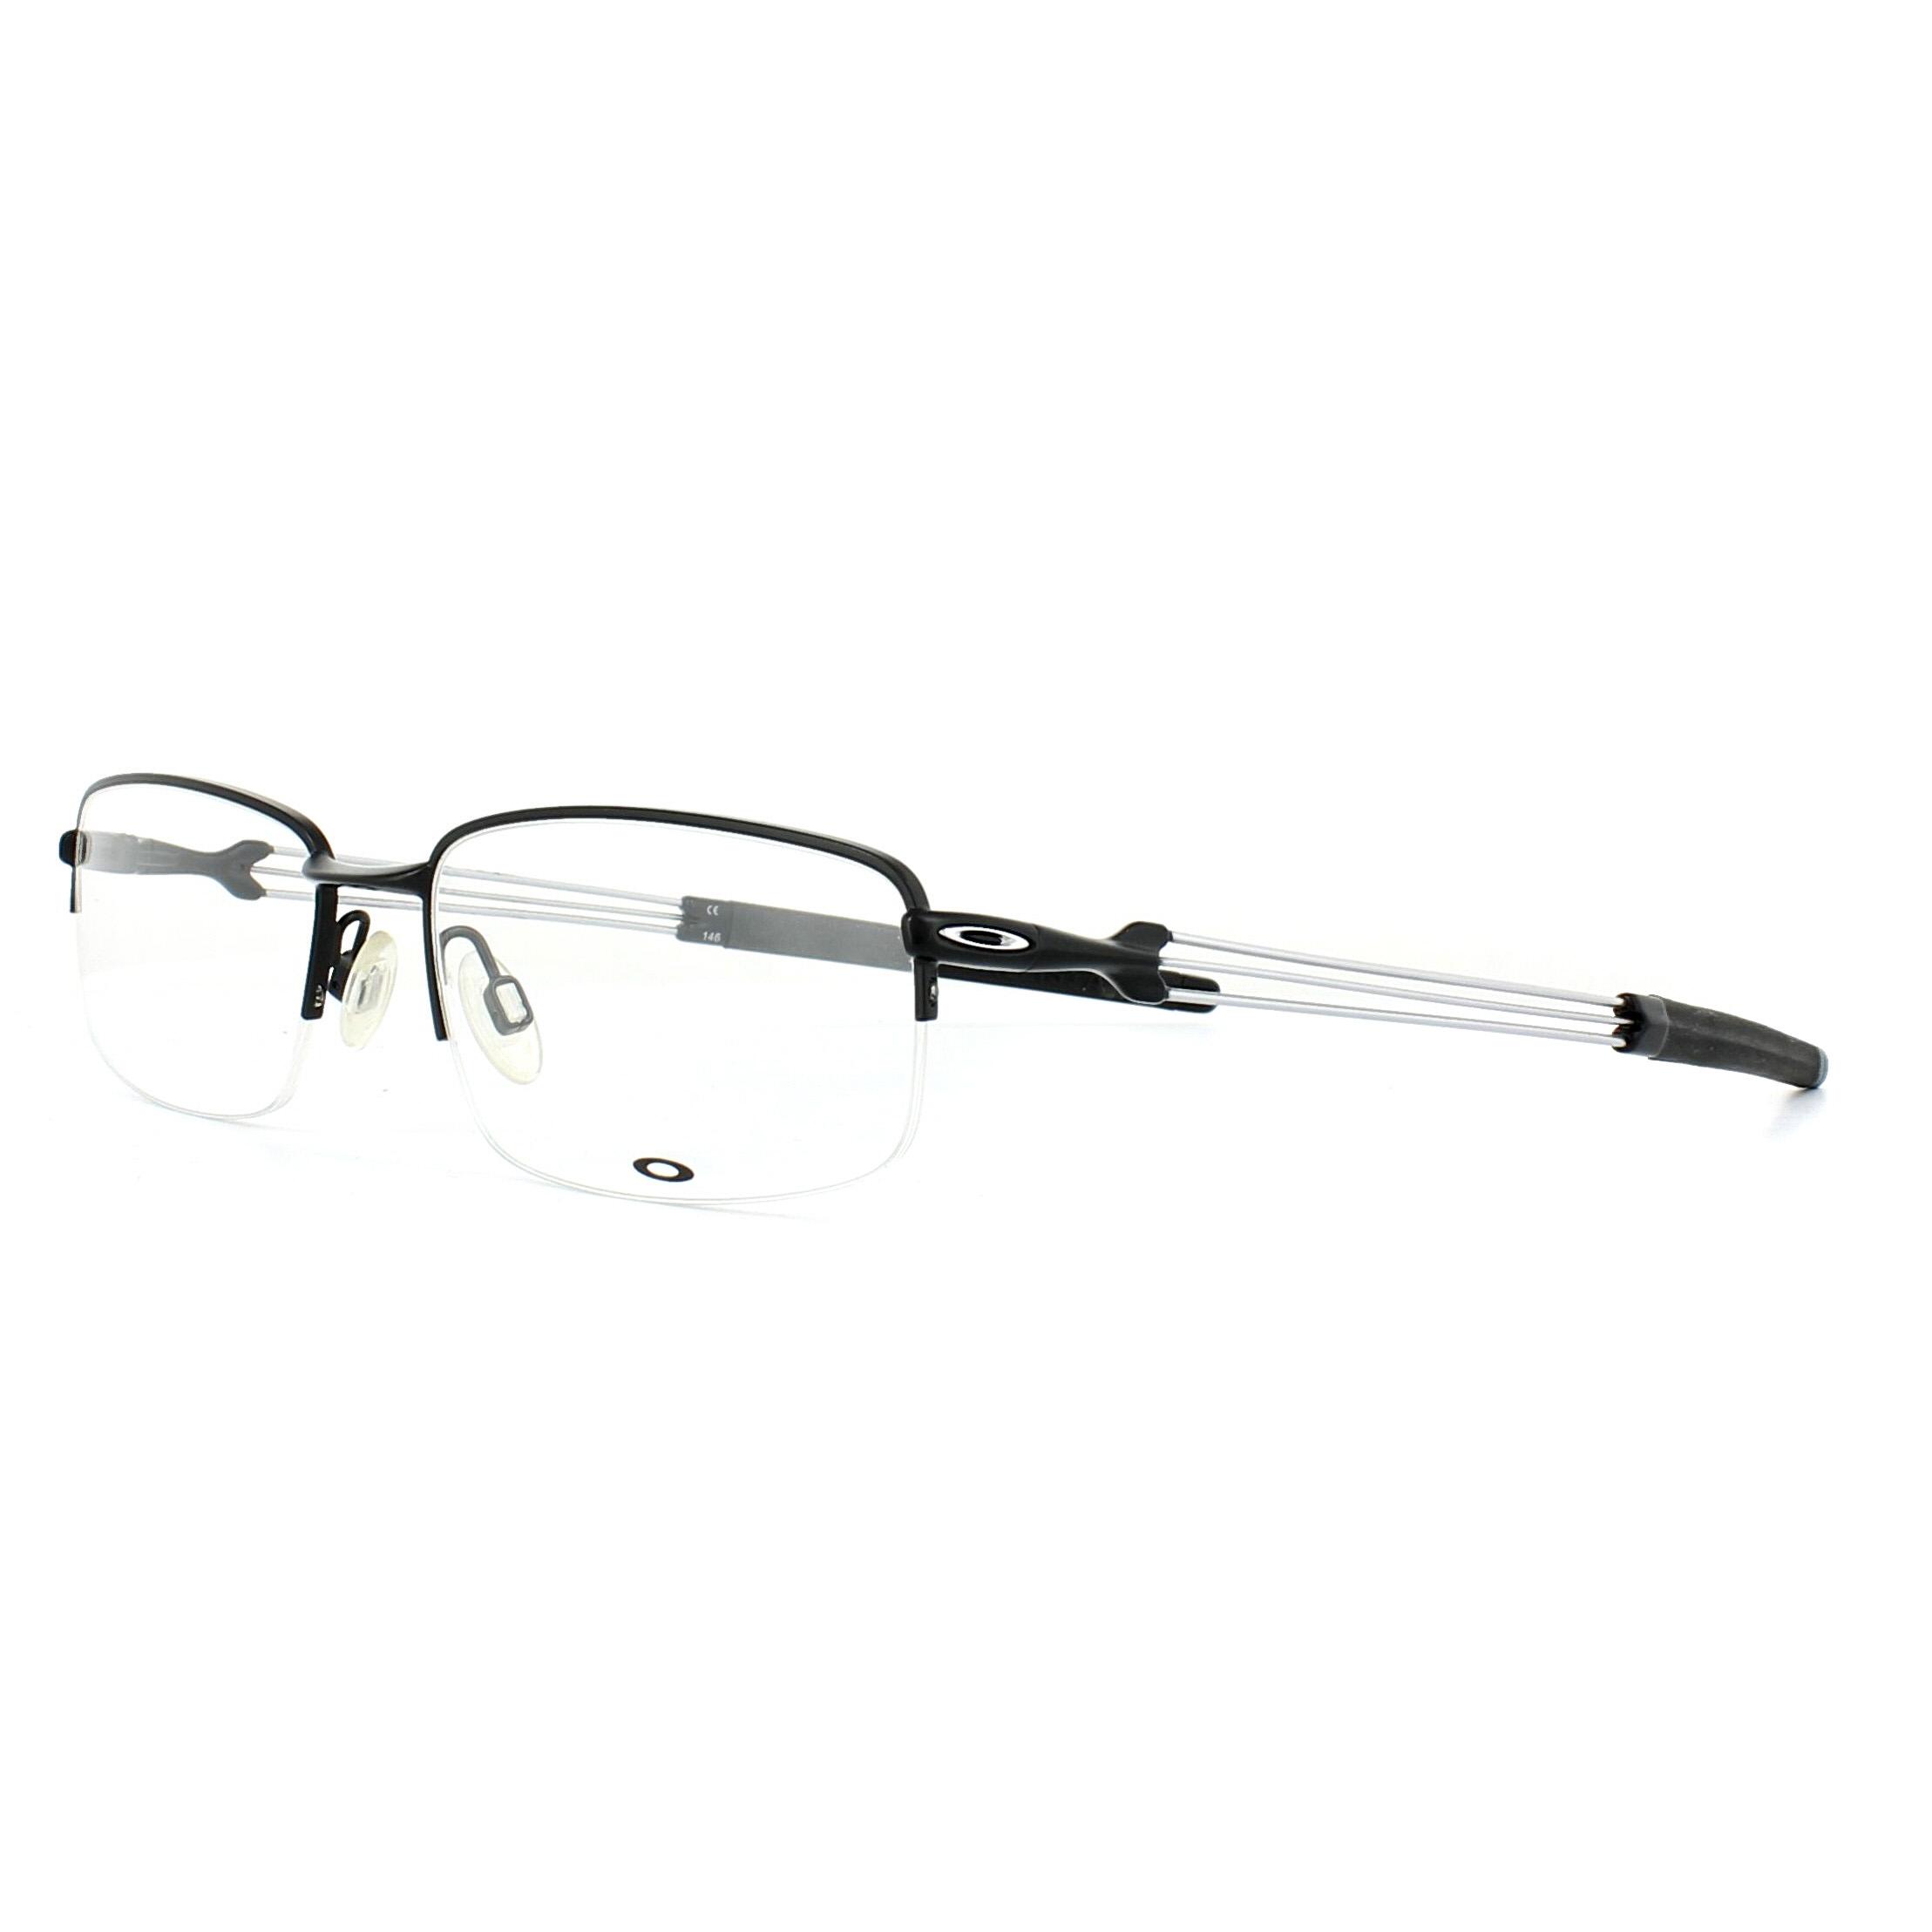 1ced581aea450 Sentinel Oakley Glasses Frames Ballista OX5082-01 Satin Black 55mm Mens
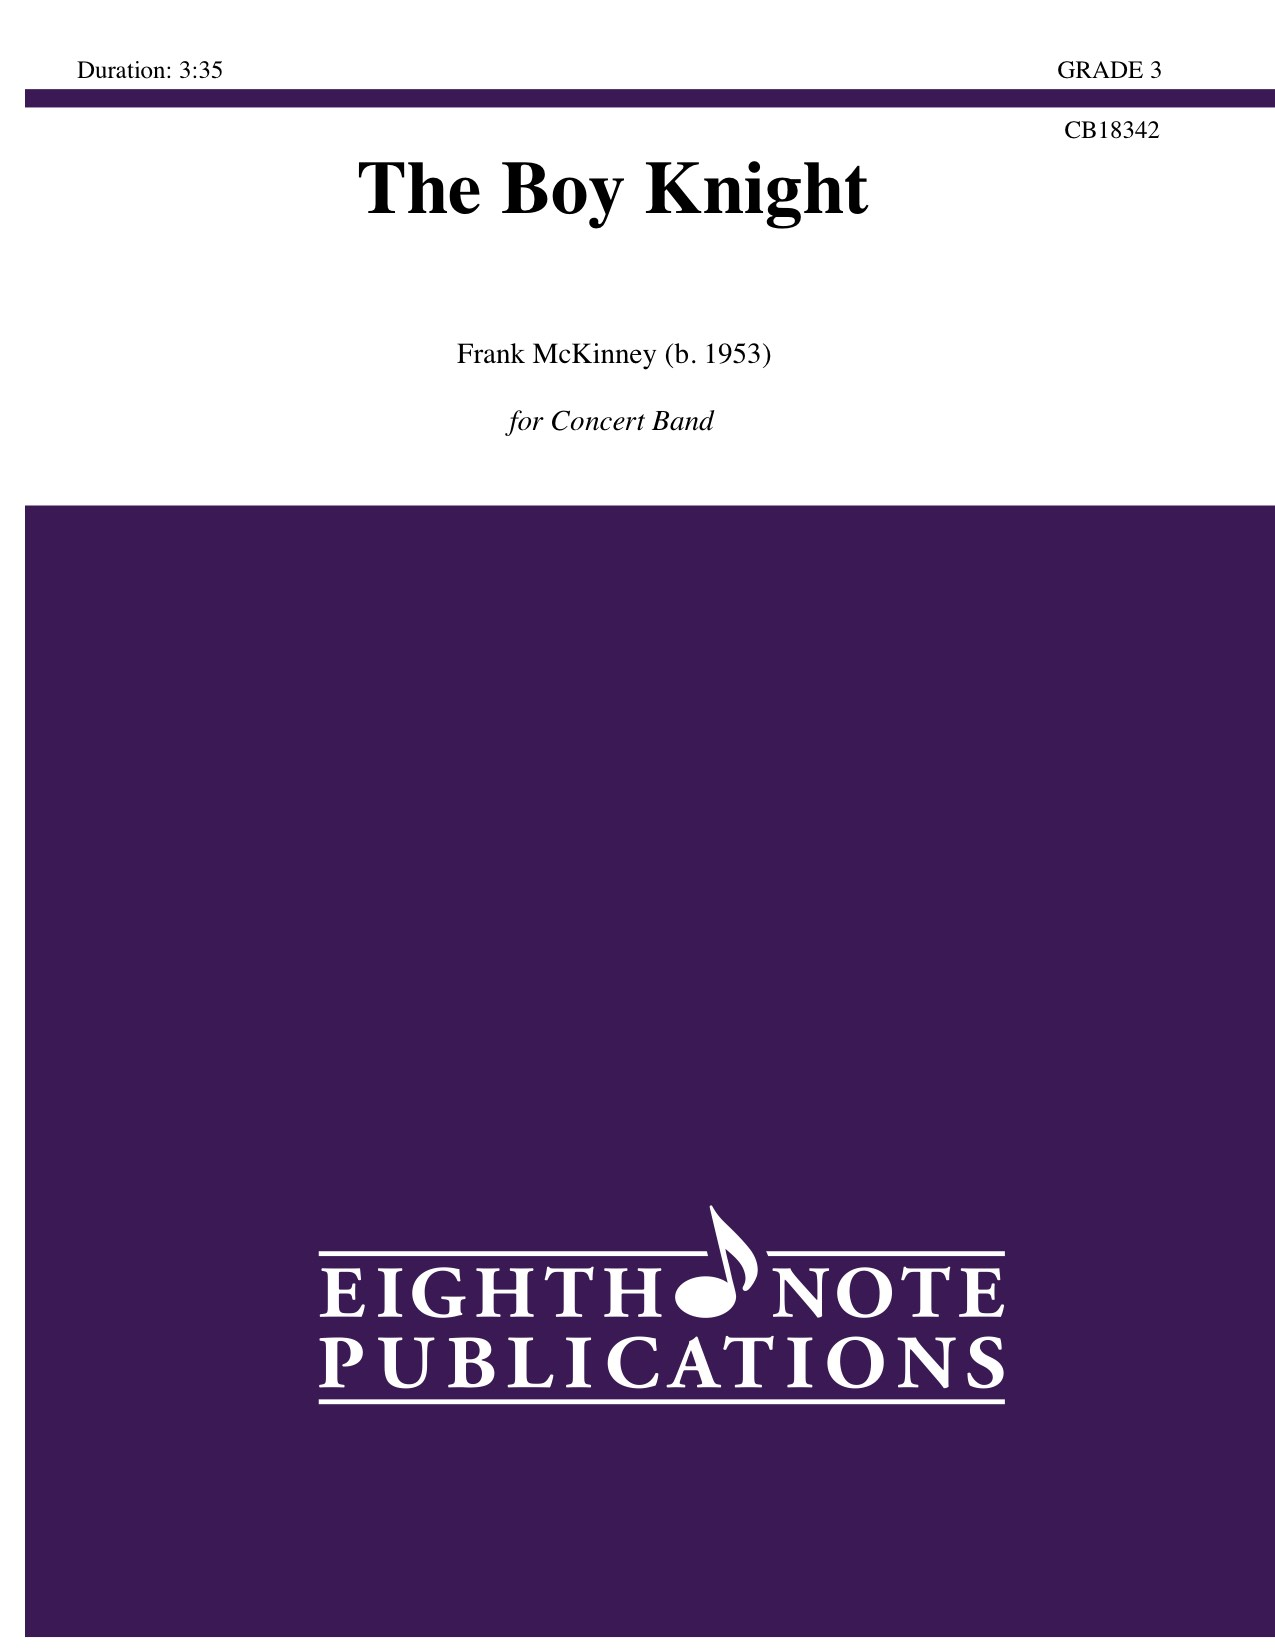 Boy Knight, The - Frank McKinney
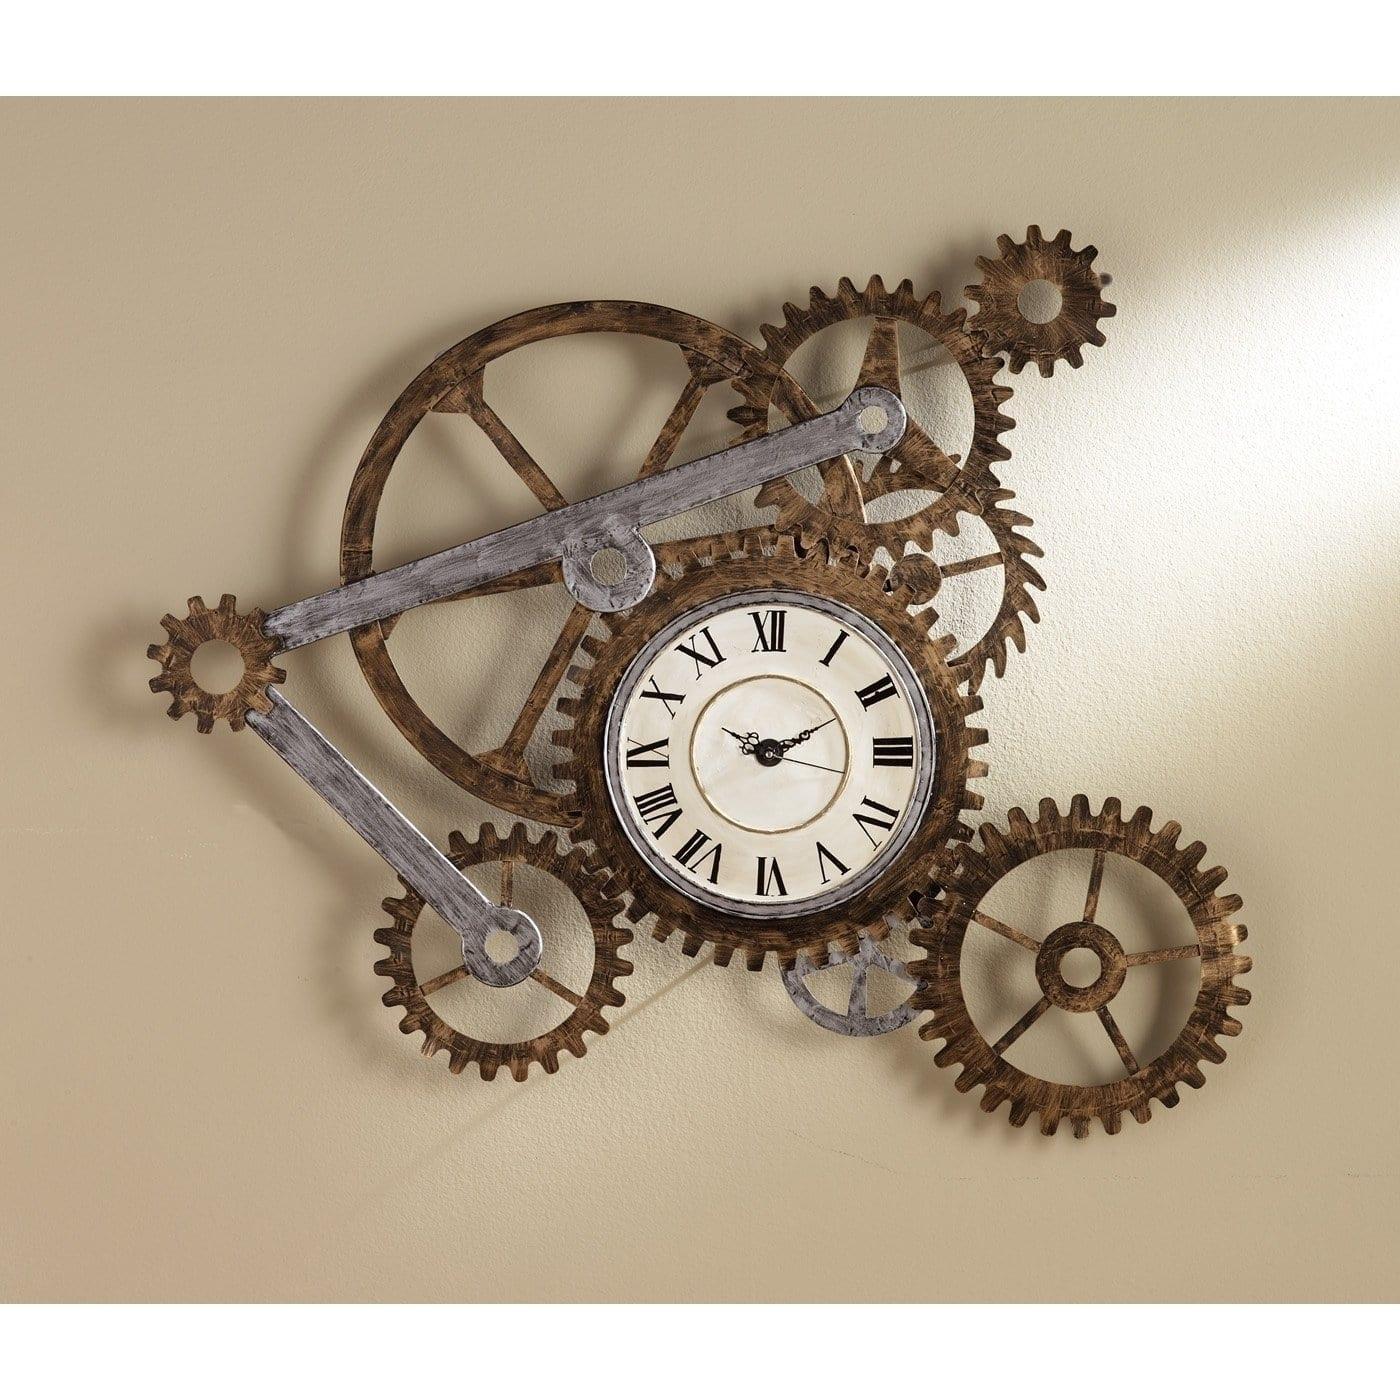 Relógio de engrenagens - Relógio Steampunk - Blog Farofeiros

◆ WHAT NEEDS TO BE DONE
Please write the material out again exactly as shown above, minus any pictures.

◆ SOLUTION TO THIS PROBLEM
 1ced581aea450 Sentinel Oakley Glasses Frames Ballista OX5082-01 Satin Black 55mm Mens
 Boy Knight, The - Frank McKinney
 Relógio de engrenagens - Relógio Steampunk - Blog Farofeiros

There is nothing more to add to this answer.